The approach used in networking is to create layered protocol stacks.
Each level of the stack performs a particular function and communicates with the levels above and below it.
What is a Protocol Suite ?
A protocol suite is a collection of protocols that are designed to work together.
The TCP/IP protocol suite is a collection of protocols that are used on the Internet. It is commonly known as TCP/IP because
the foundational protocols in the suite are the Transmission Control Protocol (TCP)
and the Internet Protocol (IP) and specifies how data should be packetized, addressed, transmitted, routed and received.
This functionality is organized into four abstraction layers, which classify all related protocols according to the scope of networking involved.
From lowest to highest, the layers are the
→ link layer the Link Layer, provides mechanisms for indicating which device the communications are to and from on the circuit, which device is allowed to transmit next, controlling the flow of information to deal with limited capacities, and detecting bit errors.

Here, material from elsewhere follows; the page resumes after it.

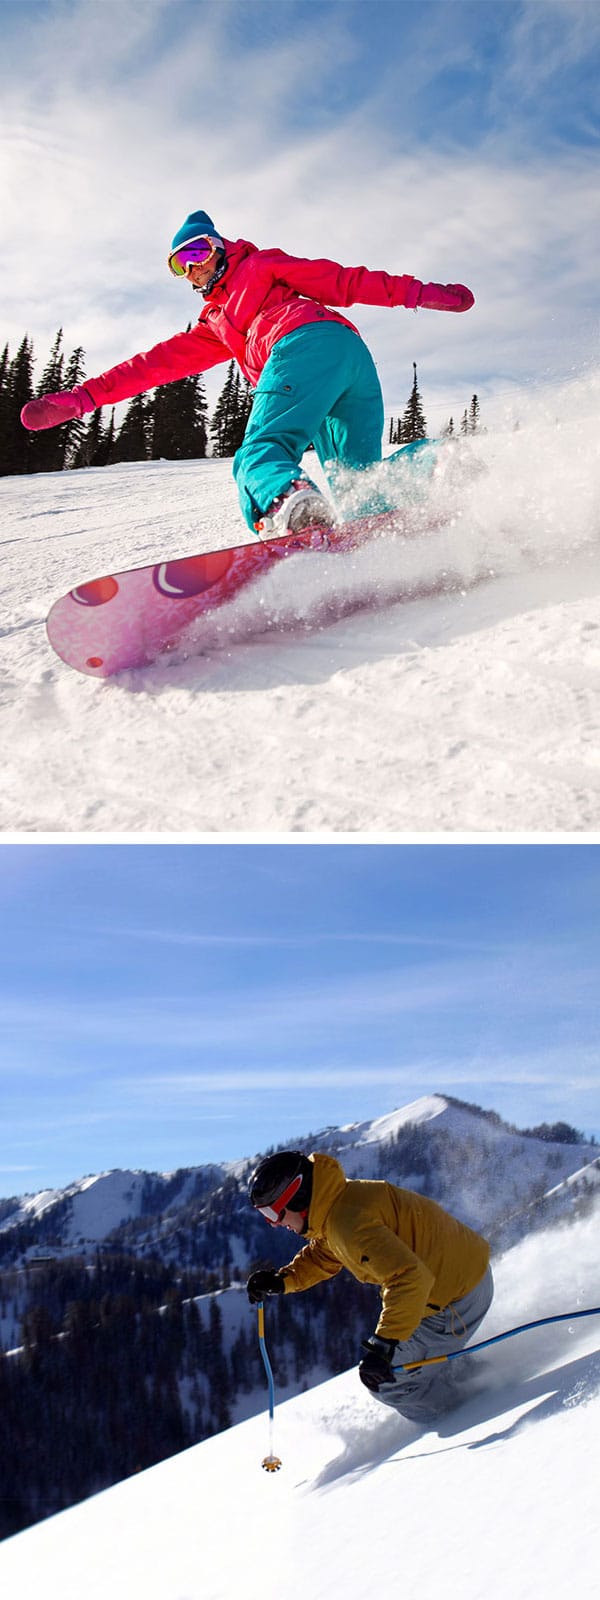 Ski-and-snowboard-rental-options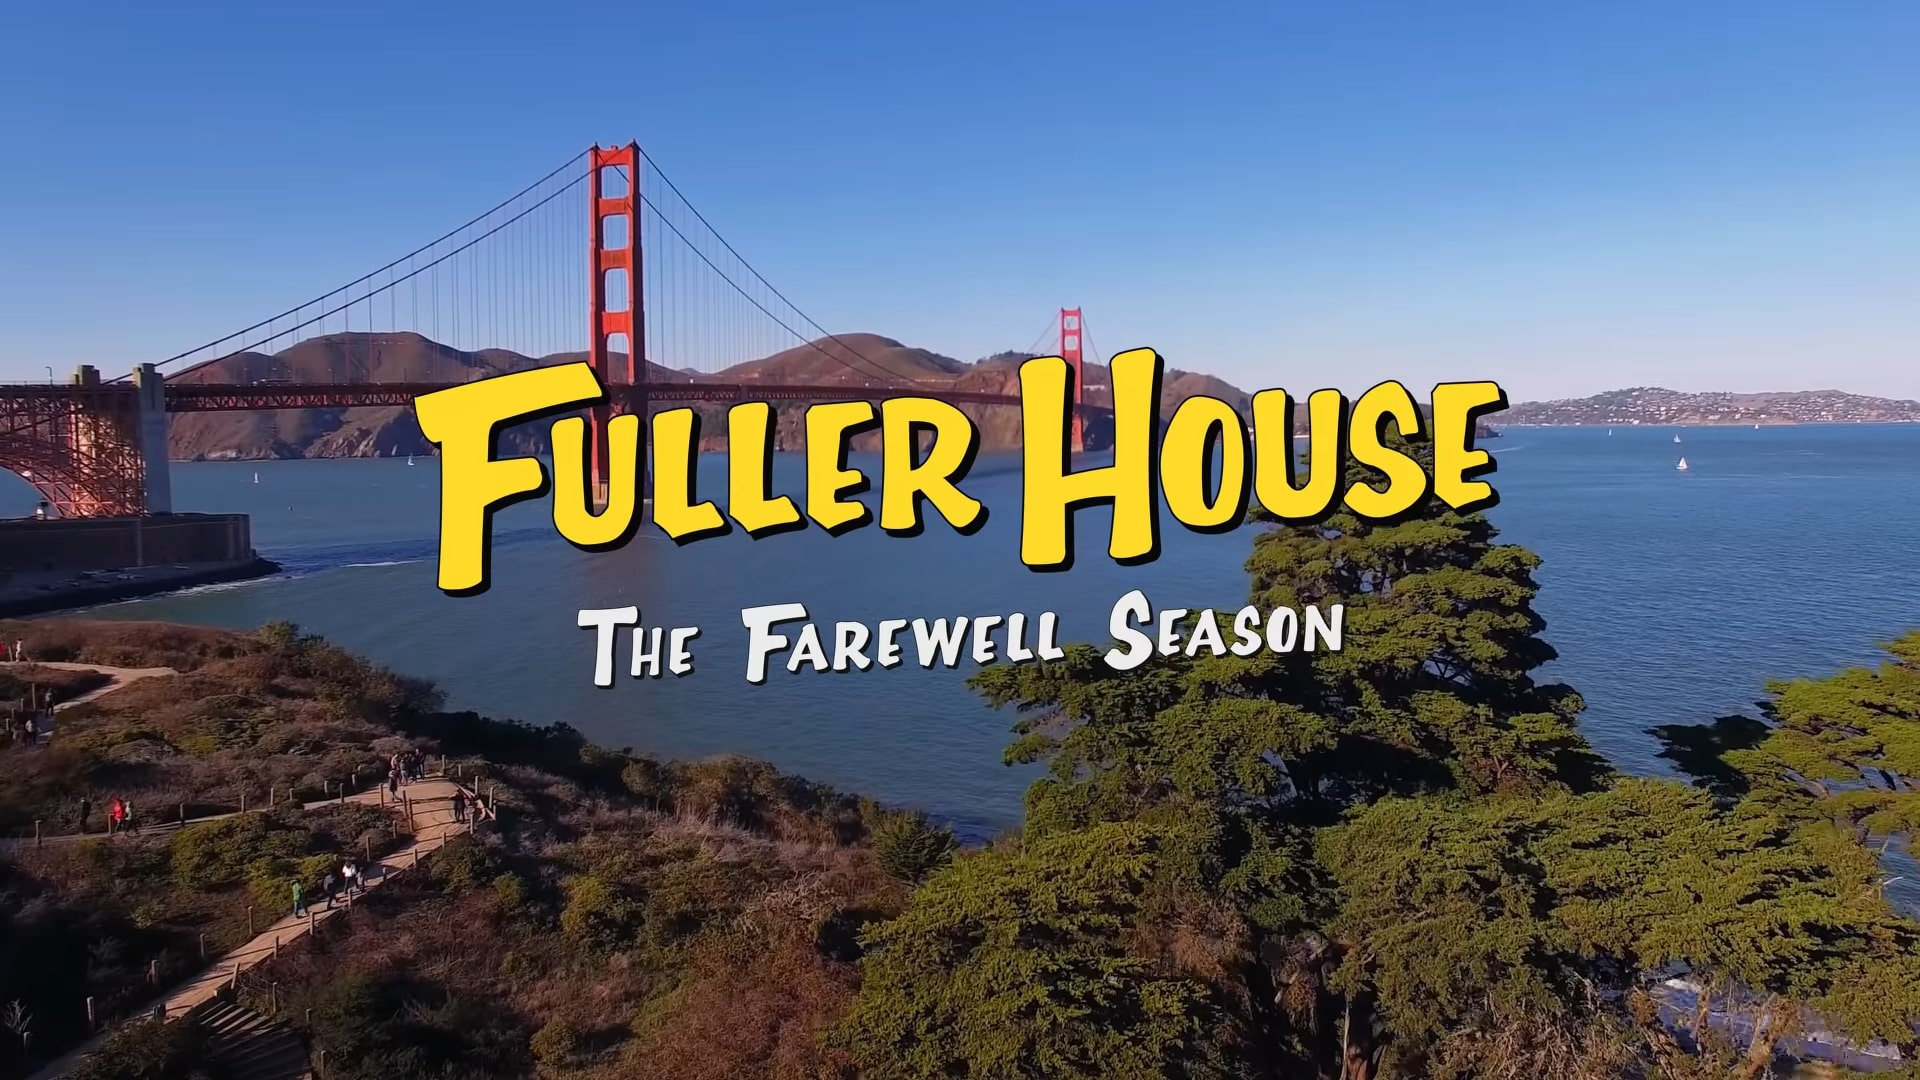 Netflix Farewell Season Fuller House Trailer, Netflix Comedy, Netflix Comedies, Coming to Netflix in May 2020

→ the internet layer, provides internetworking between independent networks;
→ the transport layer, its main role of the transport layer is to provide the communication services directly to the application processes running on different hosts. Two major protocols at this layer are the TCP and UDP (User Datagram Protocol).
→ the application layer, provides process-to-process data exchange for application. It is the closest layer to the end user which means that the application layer and end user can interact directly with the software application. The IEEE specifies Ethernet addressing in standard 802.2, as part of the Media Access Control (MAC) sublayer, so these addresses are often called MAC addresses .
1.2 Types of Ethernet addresses
The MAC address comprises of a 48-bit number.
Within the number the first 24 bits identify the manufacturer and it is known as the manufacturer ID or Organizational Unique Identifier (OUI)
and this is assigned by the registration authority. The second half of the address is assigned by the manufacturer
and it is known as the extension of board ID.
There are three types of MAC address; unicast, multicast, and broadcast.
Unicast MAC address → A unicast MAC address is the unique address uses for sending a packet from a single transmitting device to a single destination device.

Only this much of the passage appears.